Neuromorphic Computing for Low-Power Artificial Intelligence

TL;DR

This paper discusses neuromorphic computing as a promising approach to overcome energy efficiency limits in AI by leveraging novel devices, architectures, and algorithms inspired by the brain.

Contribution

It surveys the limitations of classical CMOS technology and outlines how cross-layer neuromorphic approaches can address these challenges.

Findings

Neuromorphic computing offers potential energy efficiency improvements for AI.

Cross-layer co-design is essential for realizing neuromorphic systems.

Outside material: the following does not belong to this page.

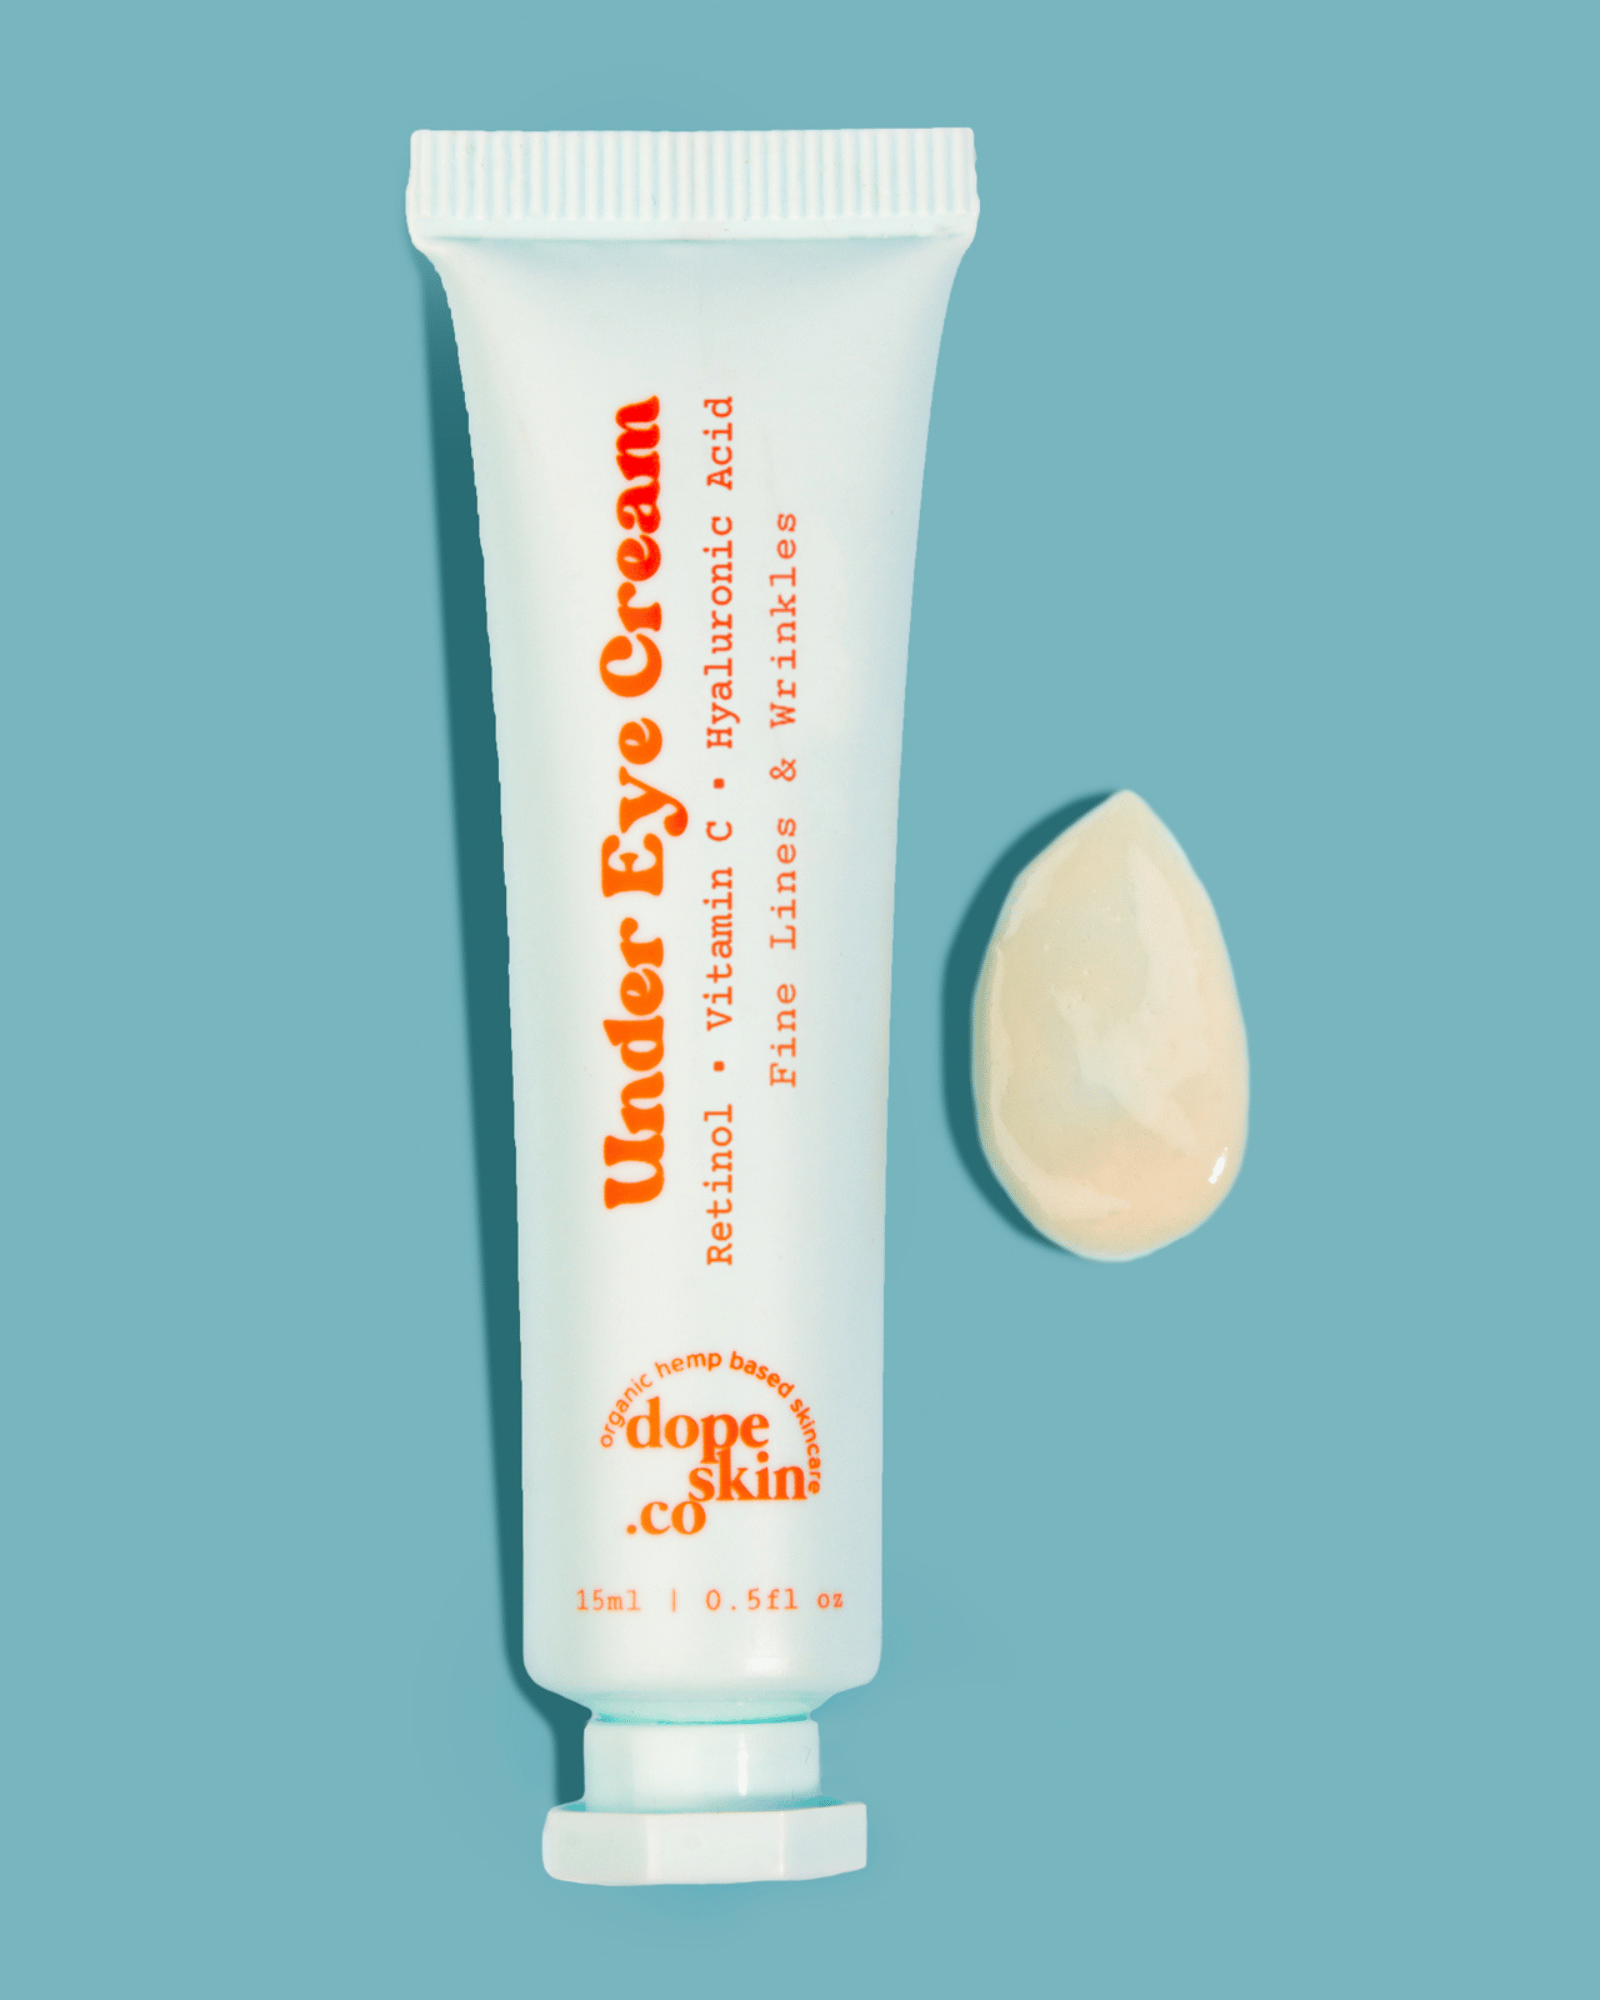 Retinol Eye Cream with Vitamin C

Novel device and circuit innovations are crucial for scalable neuromorphic AI.

Abstract

Classical computing is beginning to encounter fundamental limits of energy efficiency. This presents a challenge that can no longer be solved by strategies such as increasing circuit density or refining standard semiconductor processes. The growing computational and memory demands of artificial intelligence (AI) require disruptive innovation in how information is represented, stored, communicated, and processed. By leveraging novel device modalities and compute-in-memory (CIM), in addition to analog dynamics and sparse communication inspired by the brain, neuromorphic computing offers a promising path toward improvements in the energy efficiency and scalability of current AI systems. But realizing this potential is not a matter of replacing one chip with another; rather, it requires a co-design effort, spanning new materials and non-volatile device structures, novel mixed-signal circuits and architectures, and learning algorithms tailored to the physics of these substrates. This article surveys the key limitations of classical complementary metal-oxide-semiconductor (CMOS) technology and outlines how such cross-layer neuromorphic approaches may overcome them.